▶ **Exercise directions**: Please print, exactly, only the lines in the entries below from the line that has "Thirsty dog drinking water" through the line that has "Christmas Decorative Articles". Pictures don't go in.

▶ **Exercise data**:
=======

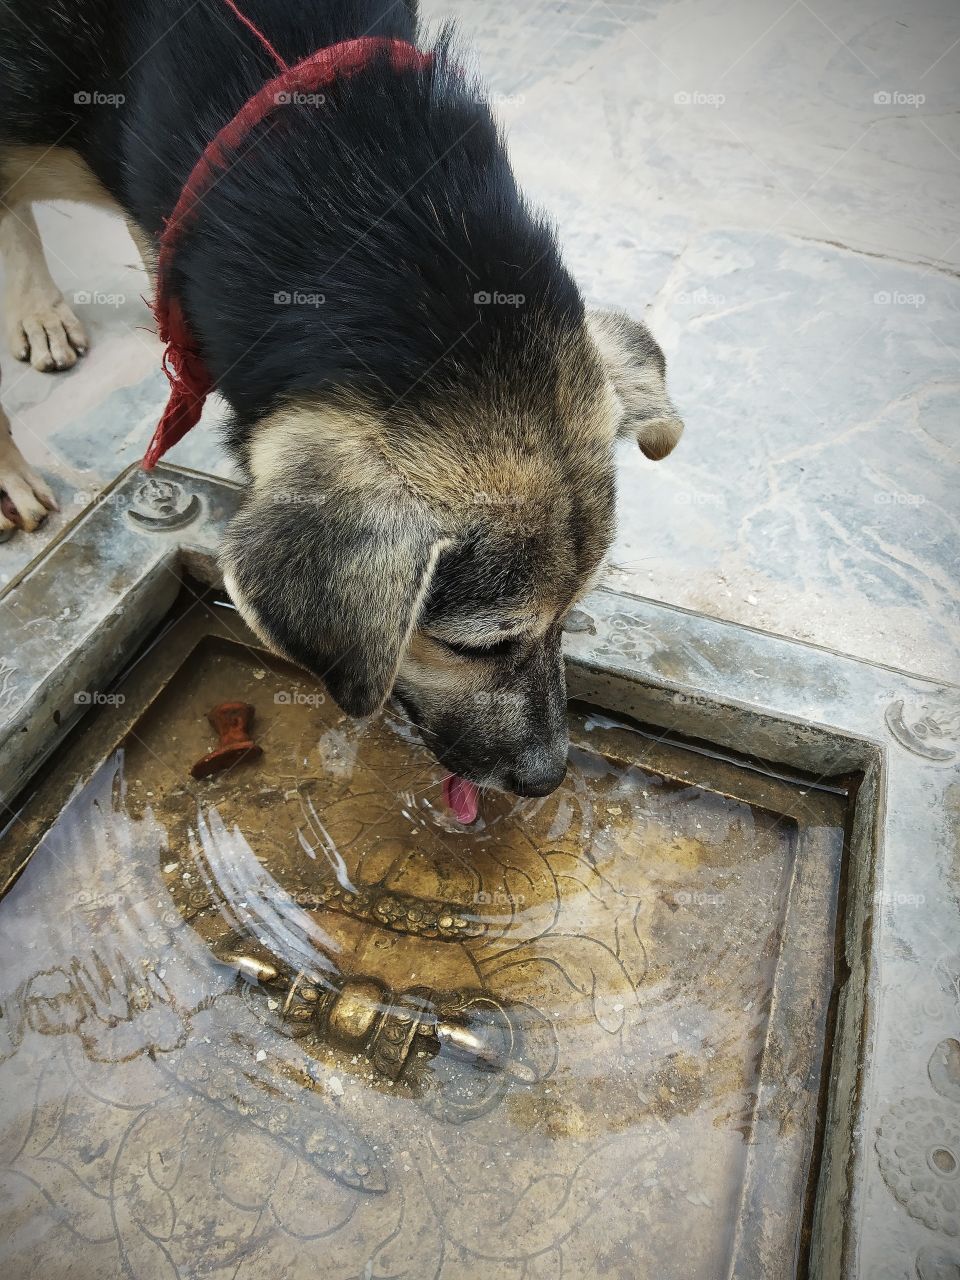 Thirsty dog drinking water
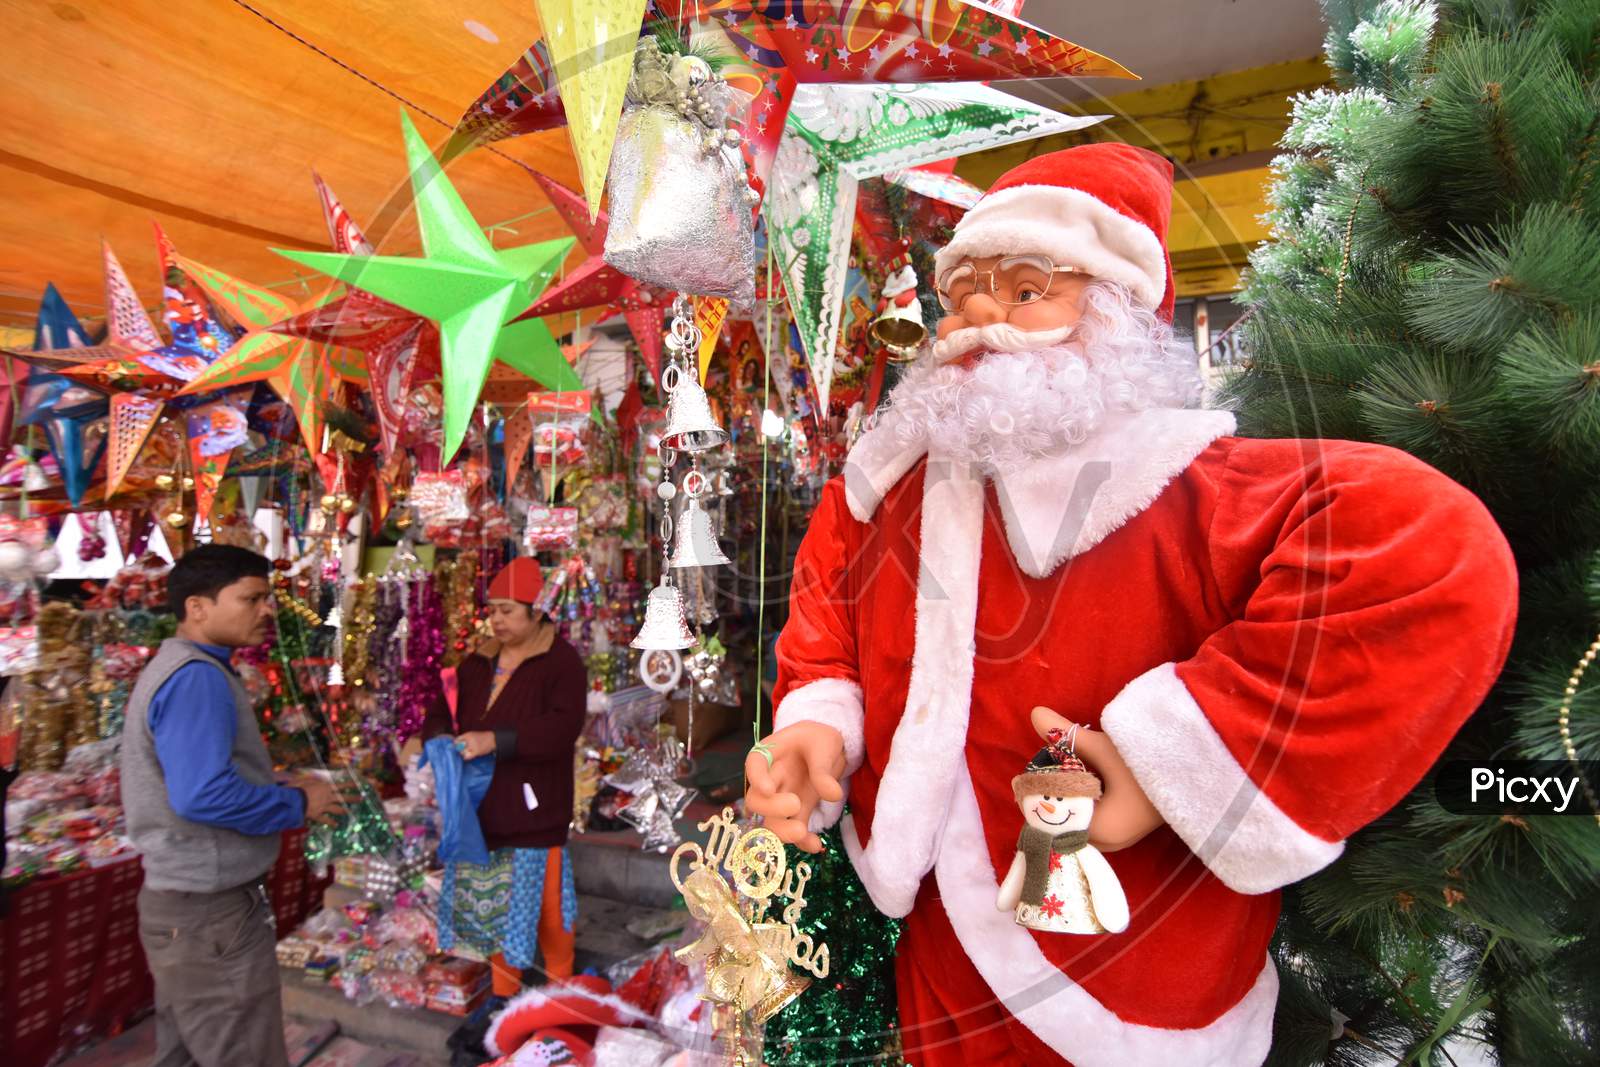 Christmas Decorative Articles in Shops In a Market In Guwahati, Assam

=======

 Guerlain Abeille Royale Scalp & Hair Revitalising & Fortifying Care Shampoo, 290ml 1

=======

▶ **The completed task**:
 Thirsty dog drinking water
 Christmas Decorative Articles in Shops In a Market In Guwahati, Assam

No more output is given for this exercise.